Transcription, pictures excluded: write out the data below exactly.

**PROVIDED MATERIAL:**
BEGIN

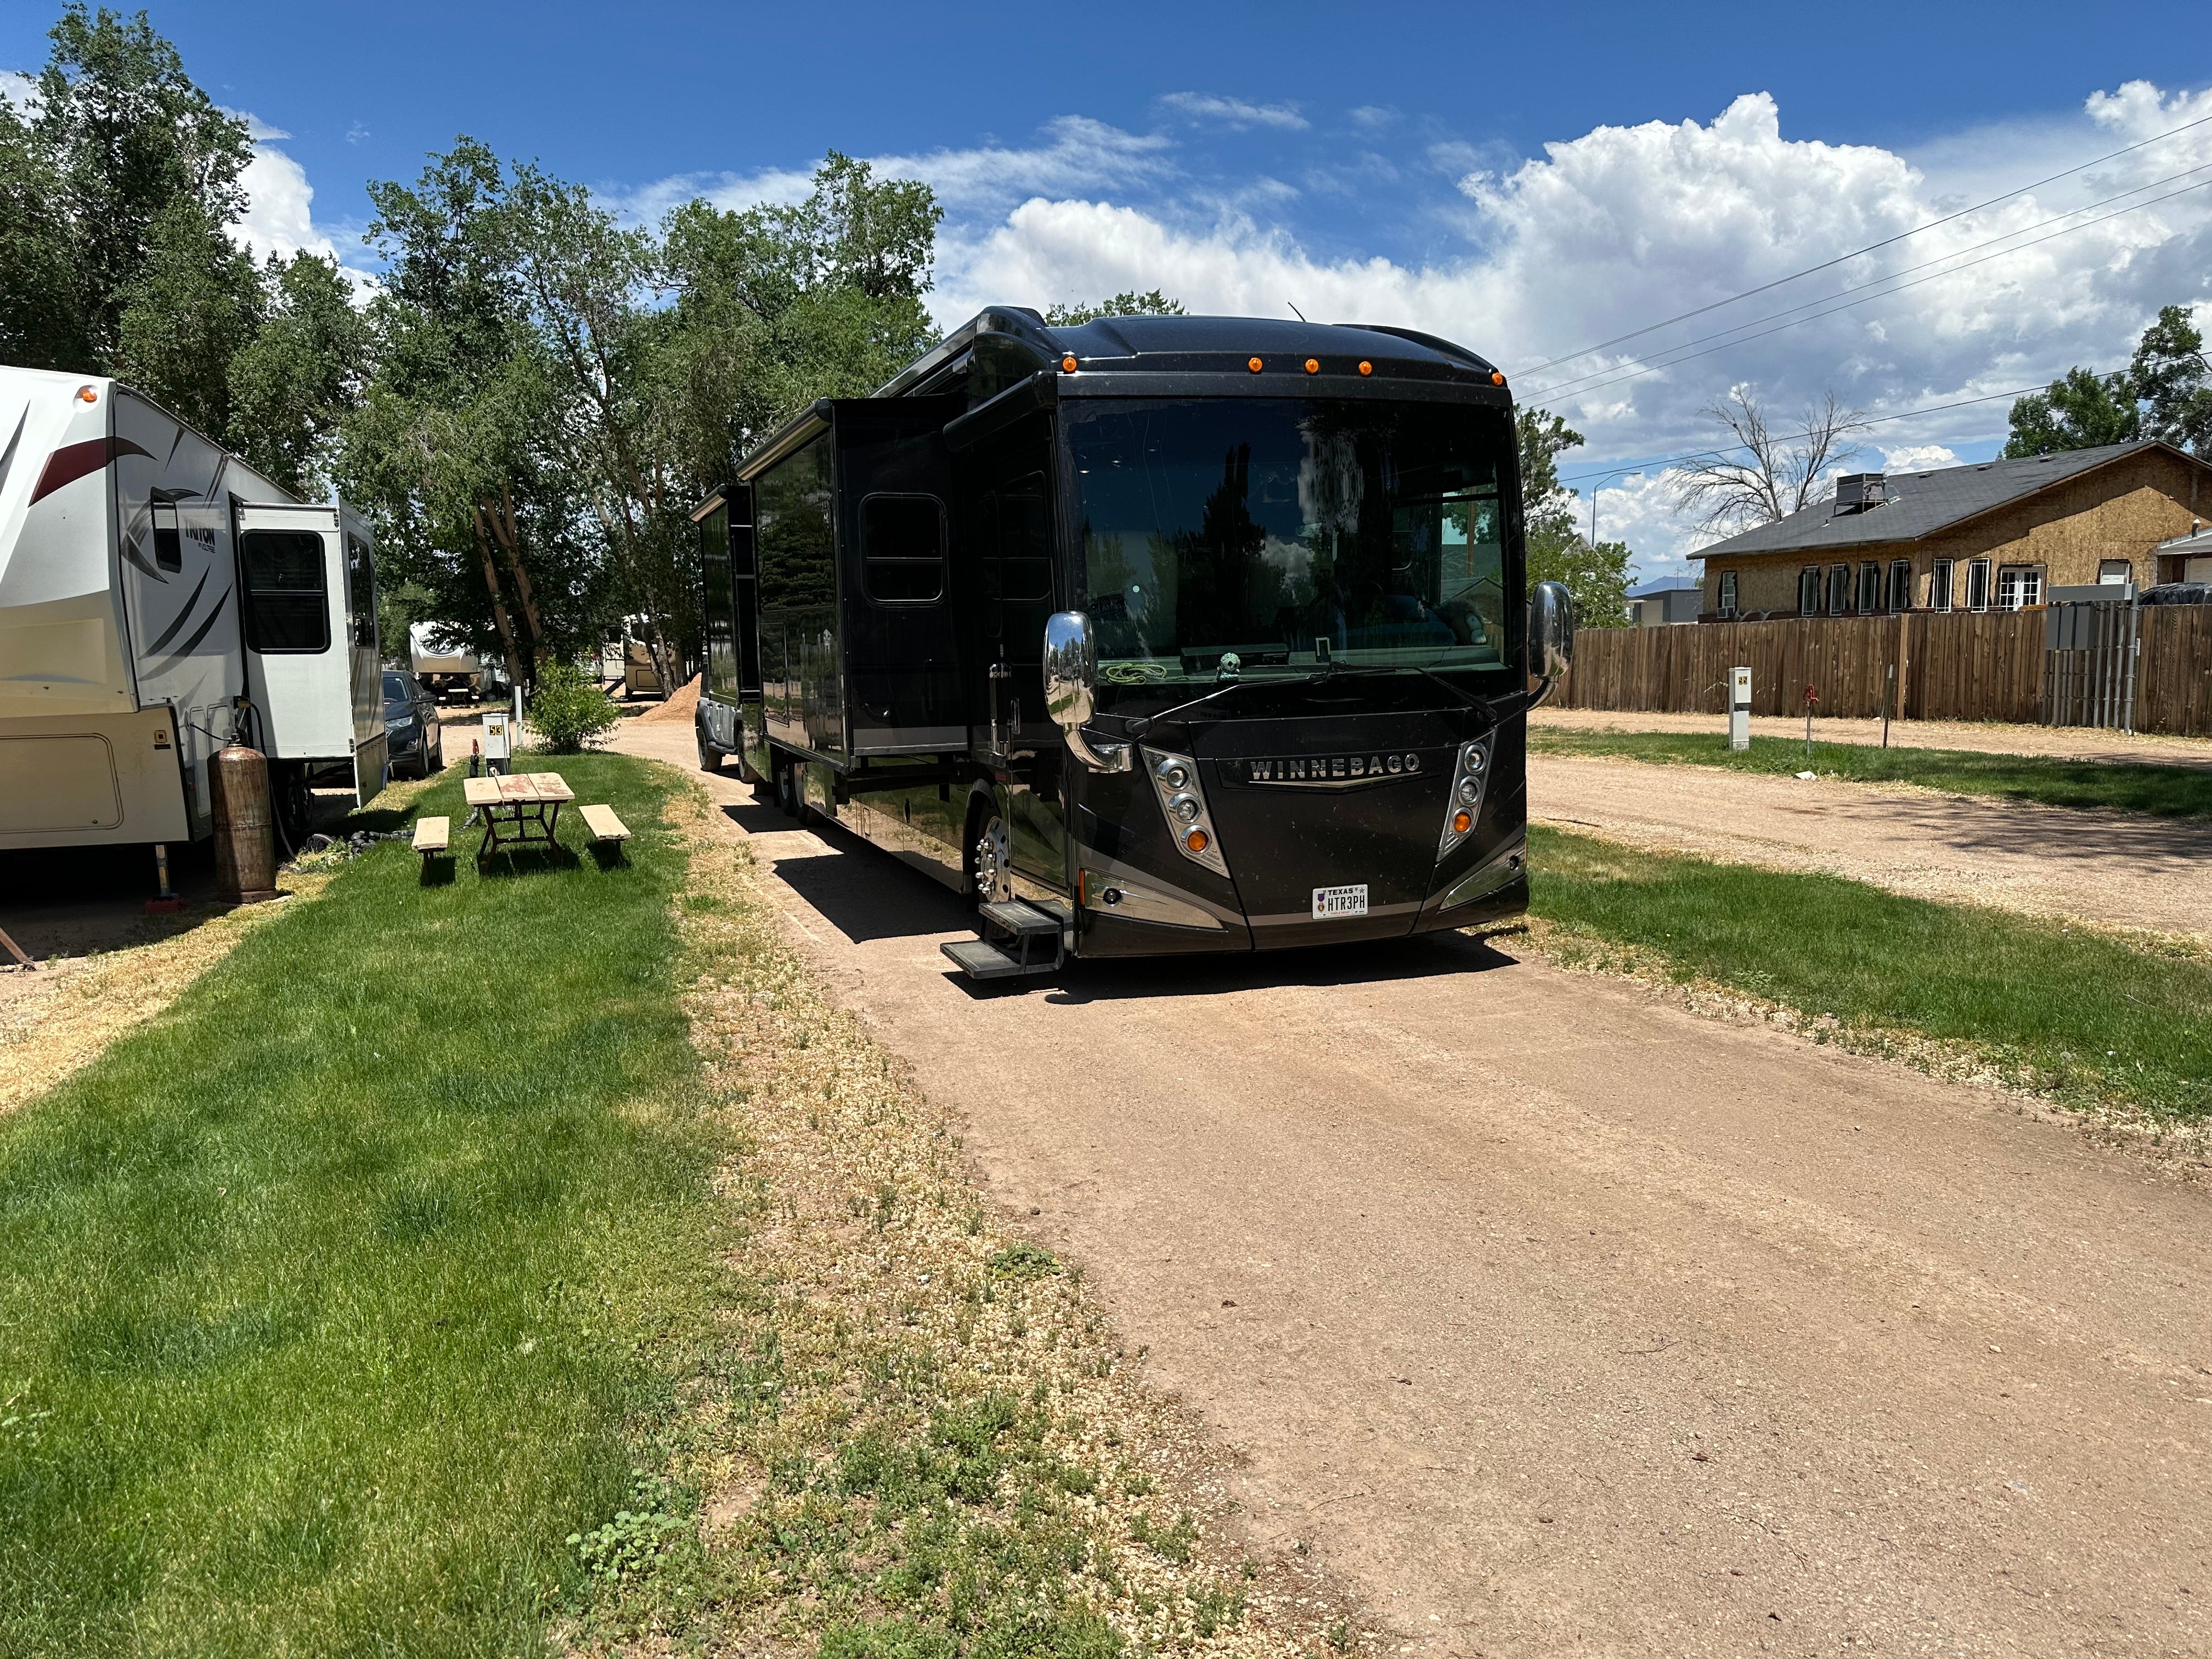 Camper submitted image from Wagons West RV Campground - 4
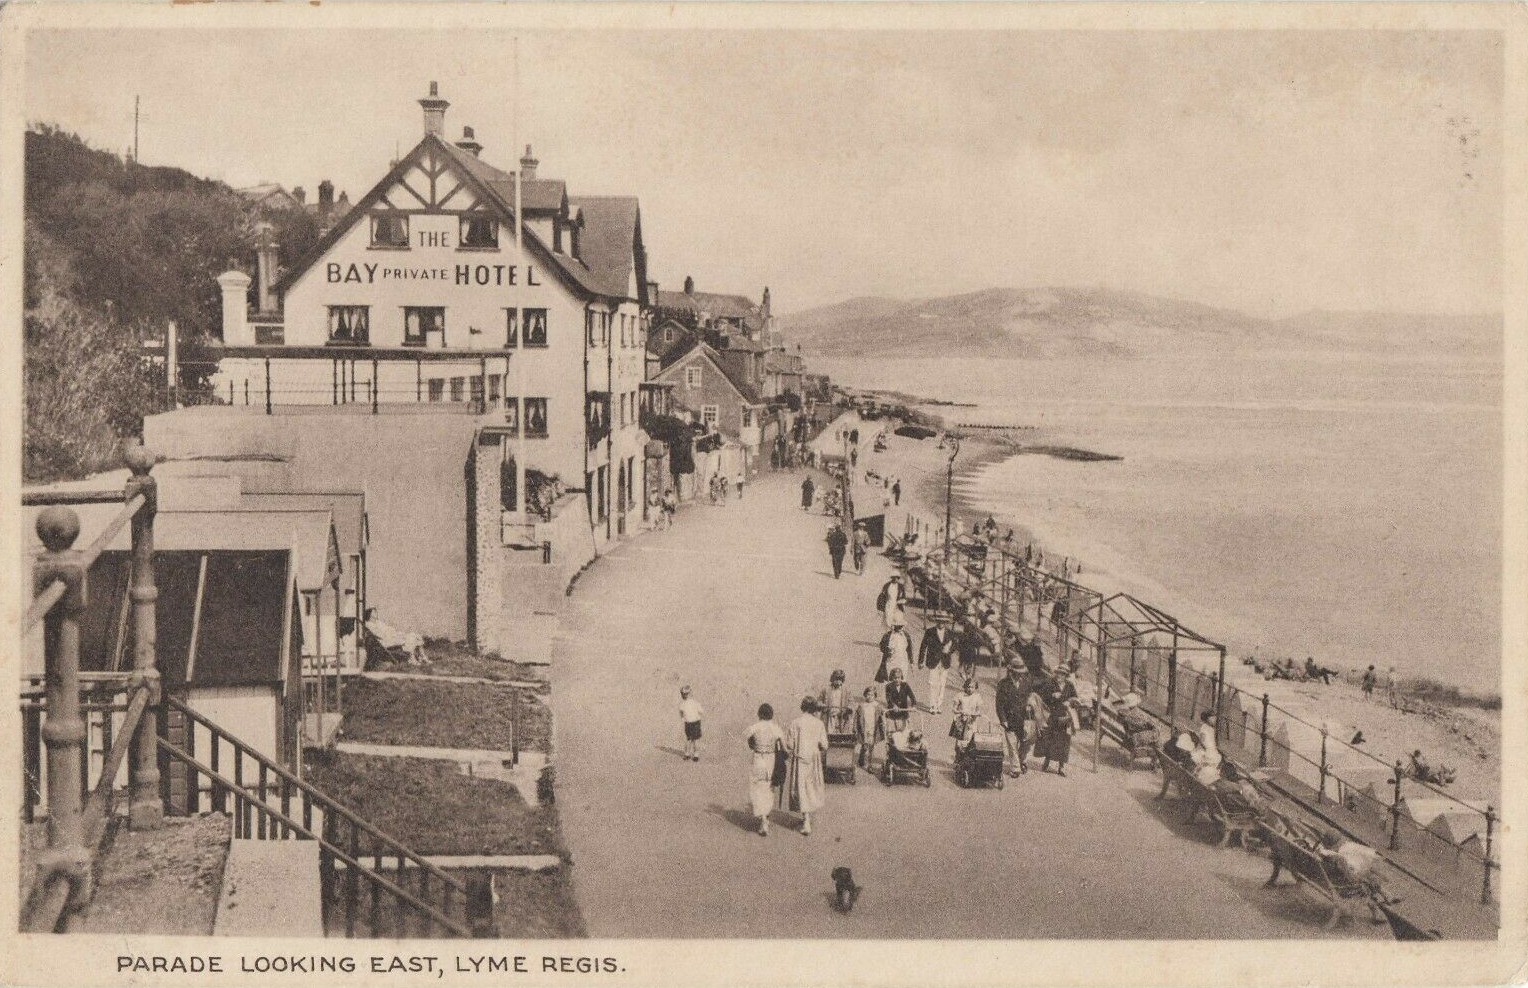 Vintage postcard of the Bay Hotel and the Parade looking east, Lyme Regis
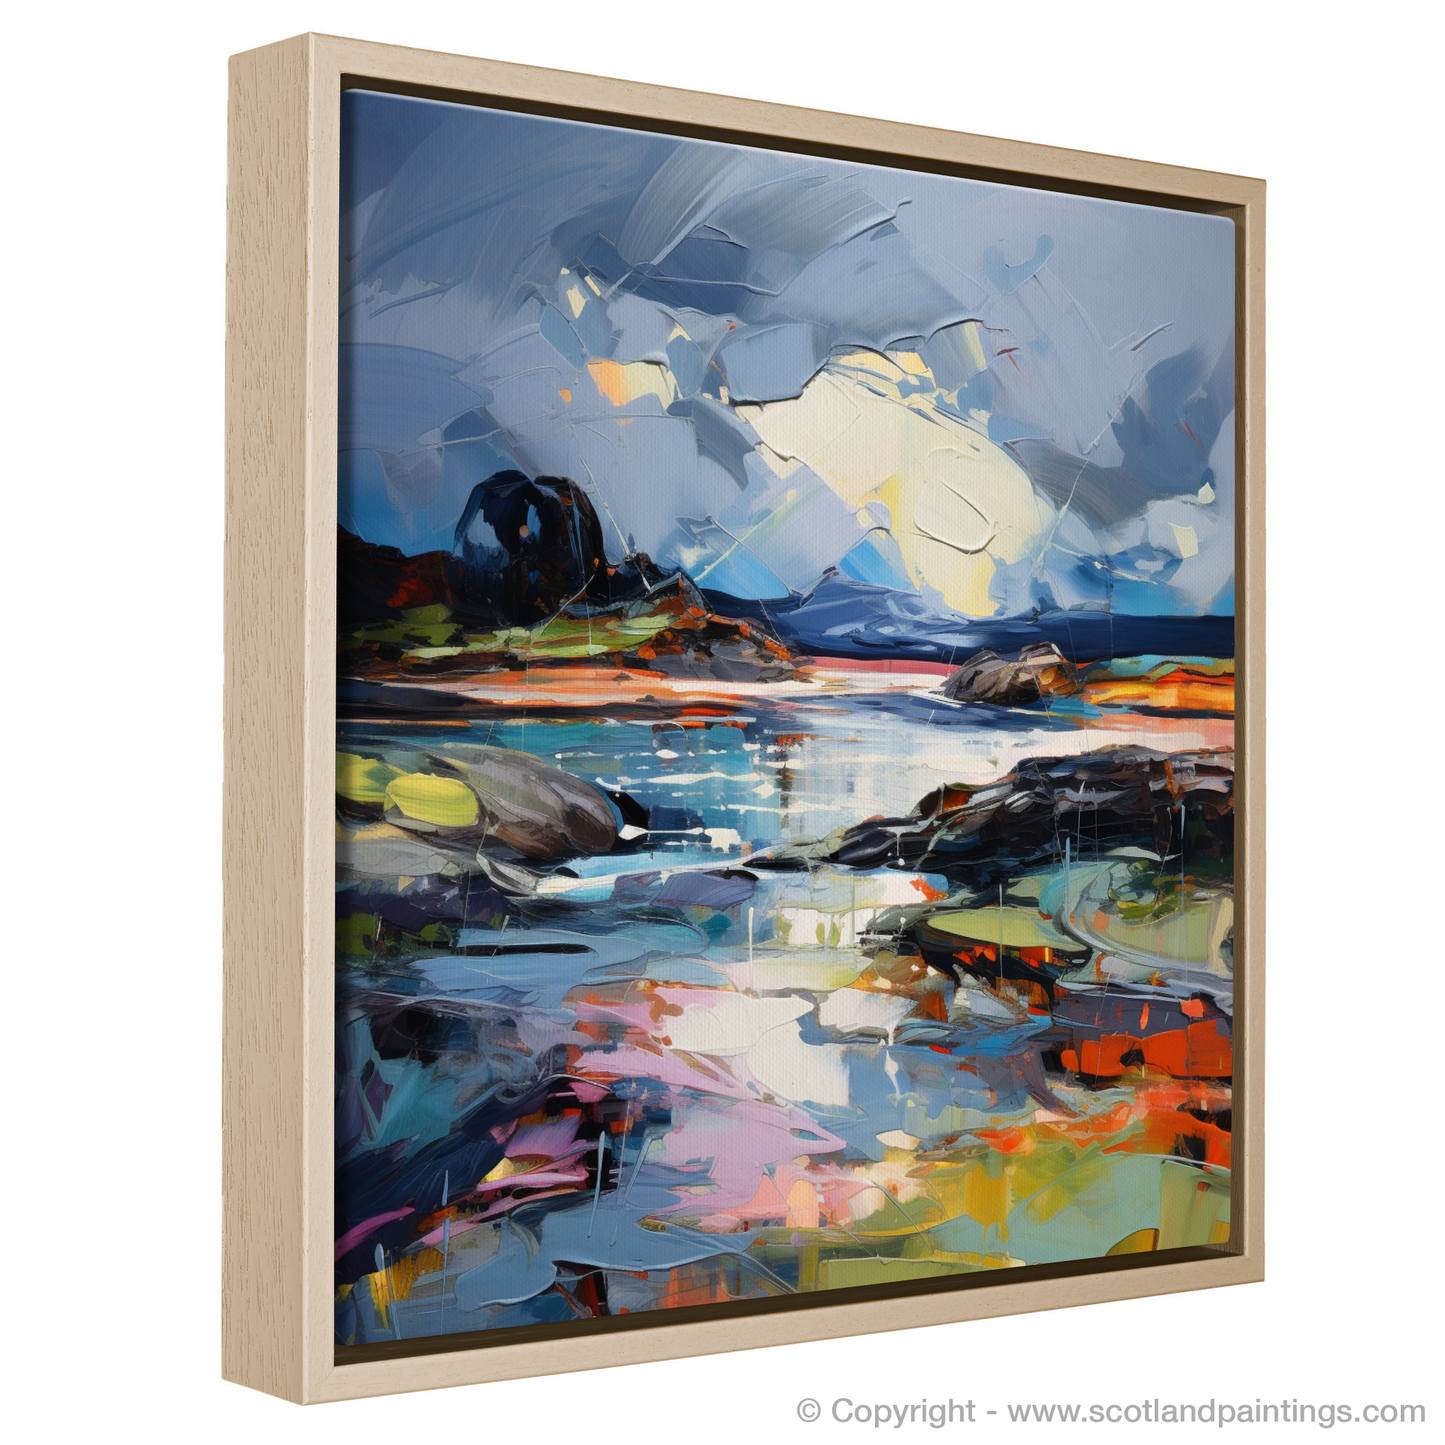 Painting and Art Print of Ardtun Bay with a stormy sky entitled "Storm over Ardtun Bay: An Expressionist Odyssey".
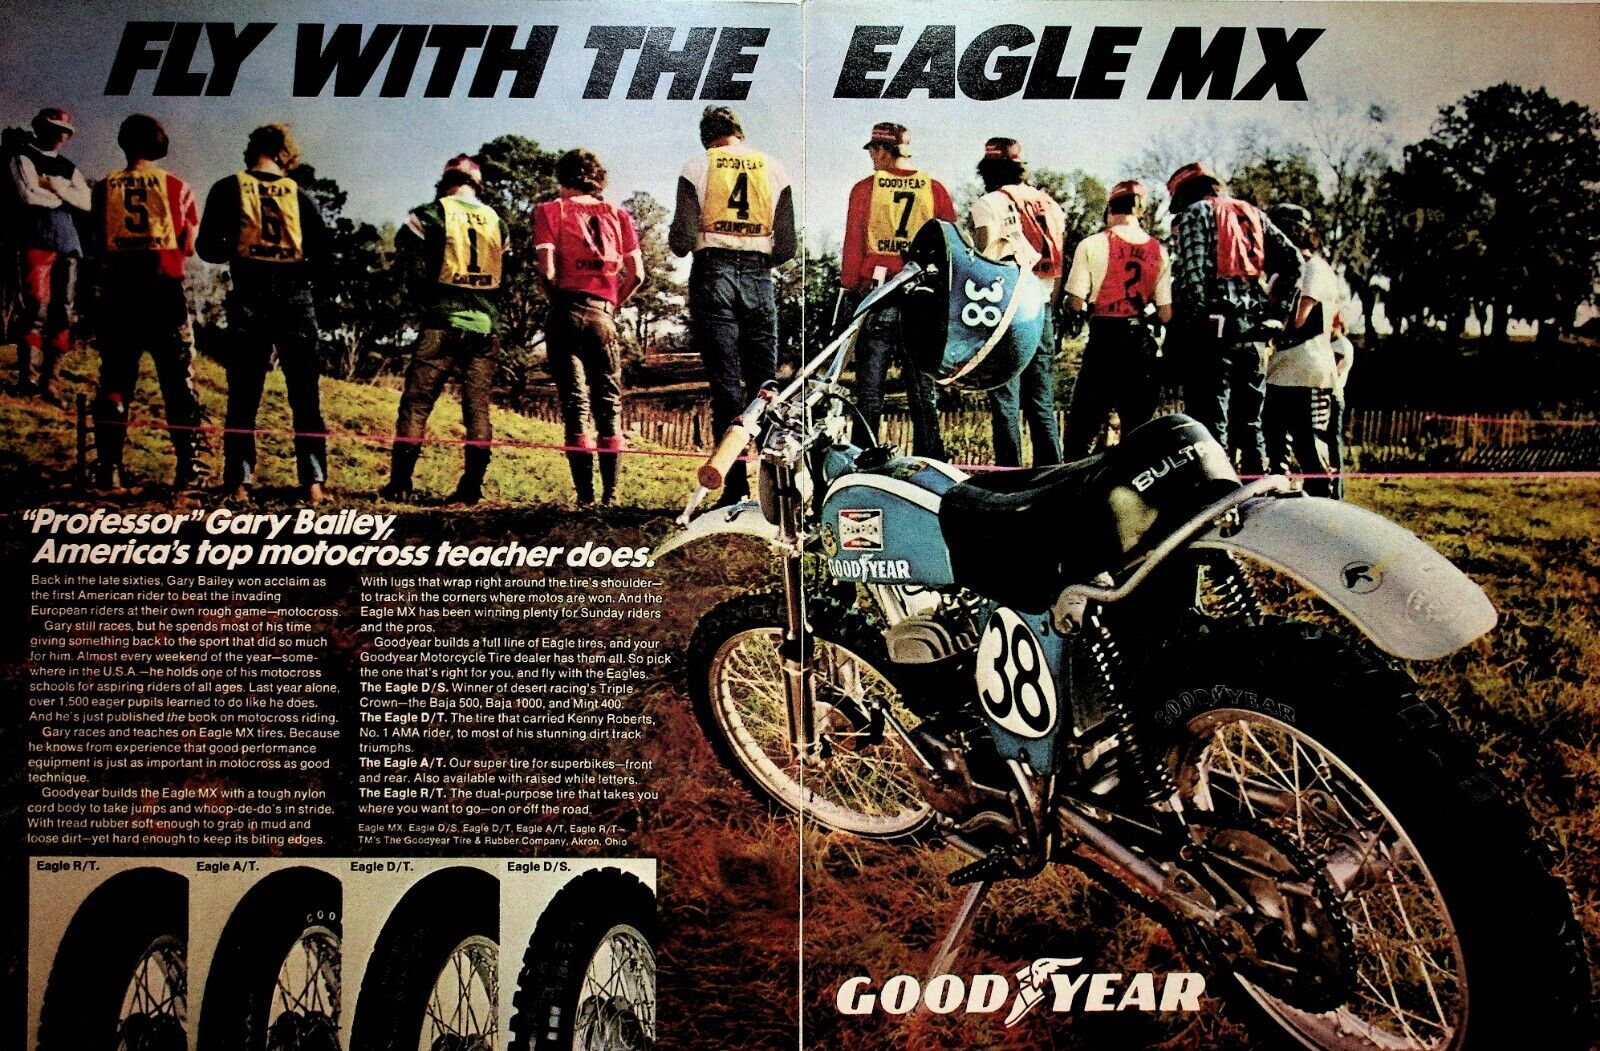 1974 Gary Bailey Motocross School Goodyear Tires - 2-Page Vintage Motorcycle Ad

END

**TASK RESPONSE:**
 Camper submitted image from Wagons West RV Campground - 4
 Vintage postcard of the Bay Hotel and the Parade looking east, Lyme Regis
 Painting and Art Print of Ardtun Bay with a stormy sky entitled "Storm over Ardtun Bay: An Expressionist Odyssey".
 1974 Gary Bailey Motocross School Goodyear Tires - 2-Page Vintage Motorcycle Ad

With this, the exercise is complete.